GB simulation explodes or crashes in nonbonded kernel
A GB simulation on a ~5k atom system (attached) keeps on exploding/crashing. The bug is 100% reproducible with the following conditions:
- git version 5922b72
- gcc 4.1.3, dynamically linked mdrun binary (NOT statically linked)
- optimization levels O3/2/1, but NOT O0
- also debug version
Tested on AMD X6 1090T + Ubuntu 9.04 x86_64 and the same binary on Core i5 750 + Ubuntu 9.10 x86_64.
Crash details (on AMD X6):
======== 1-3 thread(s) ========
step 700, remaining runtime: -15 s Warning: 1-4 interaction between 3907 and 3912 at distance 7.505 which is larger than the 1-4 table size 2.200 nm
These are ignored for the rest of the simulation
This usually means your system is exploding,
if not, you should increase table-extension in your mdp file
or with user tables increase the table size
Program received signal SIGSEGV, Segmentation fault.
[Switching to Thread 0x7fa0d9d676f0 (LWP 2027)]

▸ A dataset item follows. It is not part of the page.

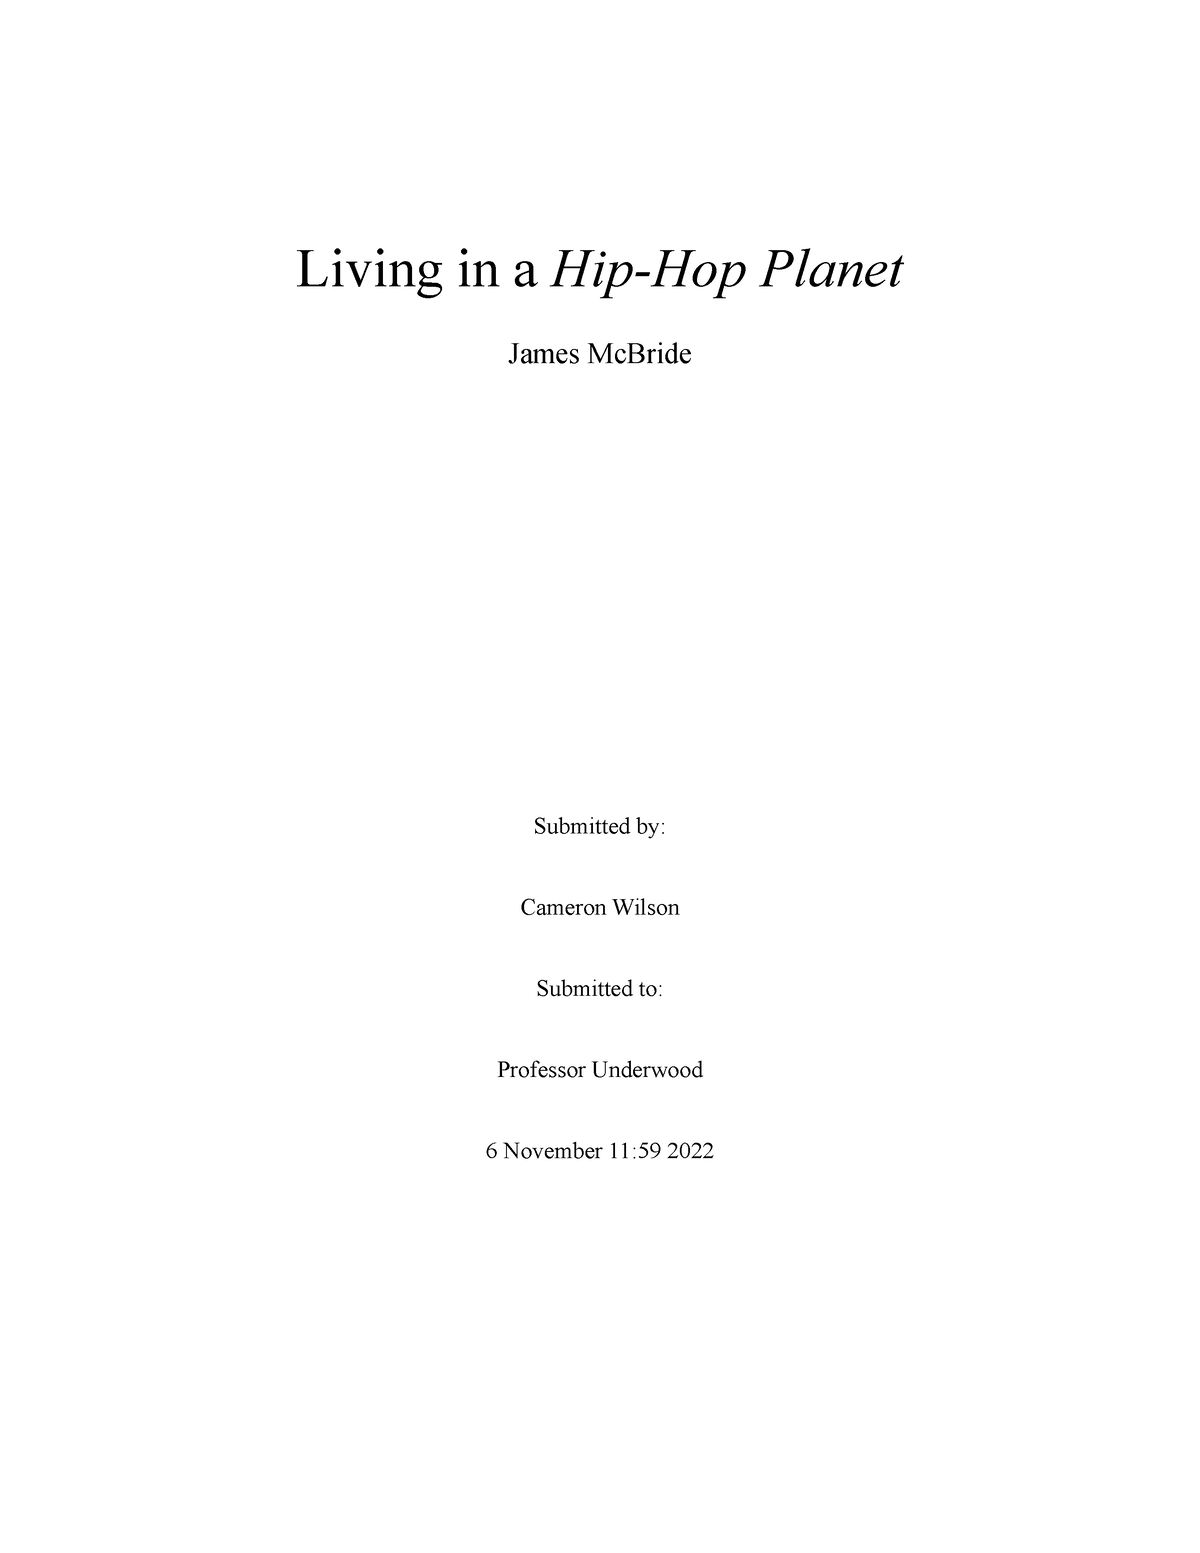 hip hop planet essay pdf

nb_kernel410_x86_64_sse (p_nri=<value optimized out>, iinr=0x1f1b2b0, jindex=0x1f56b00, jjnr=0x7fa0d8d8b010,
shift=0x1f42d90, shiftvec=0x1b47490, fshift=0x1b476c0, gid=0x1f2f020, pos=0x1aa4f30, faction=0x1dca520,
charge=0x1f0c3f0, p_facel=0x1b38148, p_krf=0x1b38150, p_crf=0x1b38154, vc=0x1dc9880, type=0x1f11350,
p_ntype=0x1b38328, vdwparam=0x1b478f0, vvdw=0x1dc9670, p_tabscale=0x1d867b8, VFtab=0x0,
invsqrta=0x1ce08c0, dvda=0x1ce5820, p_gbtabscale=0x1b38398, GBtab=0x7fa0d9b91020,
p_nthreads=0x7fff6c3fbdfc, count=0x1d86840, mtx=0x0, outeriter=0x7fff6c3fbdf8, inneriter=0x7fff6c3fbdf4,
work=0x7fff6c3fbde0) at /usr/lib/gcc/x86_64-linux-gnu/4.1.3/include/xmmintrin.h:876
876 return (_m128) *(_v4sf *)__P;
======== >=4 threads ========
The charge group starting at atom 3925 moved than the distance allowed by the domain decomposition (3.826748) in direction X
distance out of cell -15.151535
Old coordinates: 16.482 2.773 3.745
New coordinates: -2.707 -9.060 -36.987
Old cell boundaries in direction X: 12.381 16.151
New cell boundaries in direction X: 12.445 16.271
Program mdrun_gcc413_dynamic_debug, VERSION 4.0.99-dev-20100608-5922b72
Source code file: ../../../src/mdlib/domdec.c, line: 4081
#2 Updated by Berk Hess over 9 years ago
This is quite probably a gcc 4.1 optimization bug (in this case 4.1.3).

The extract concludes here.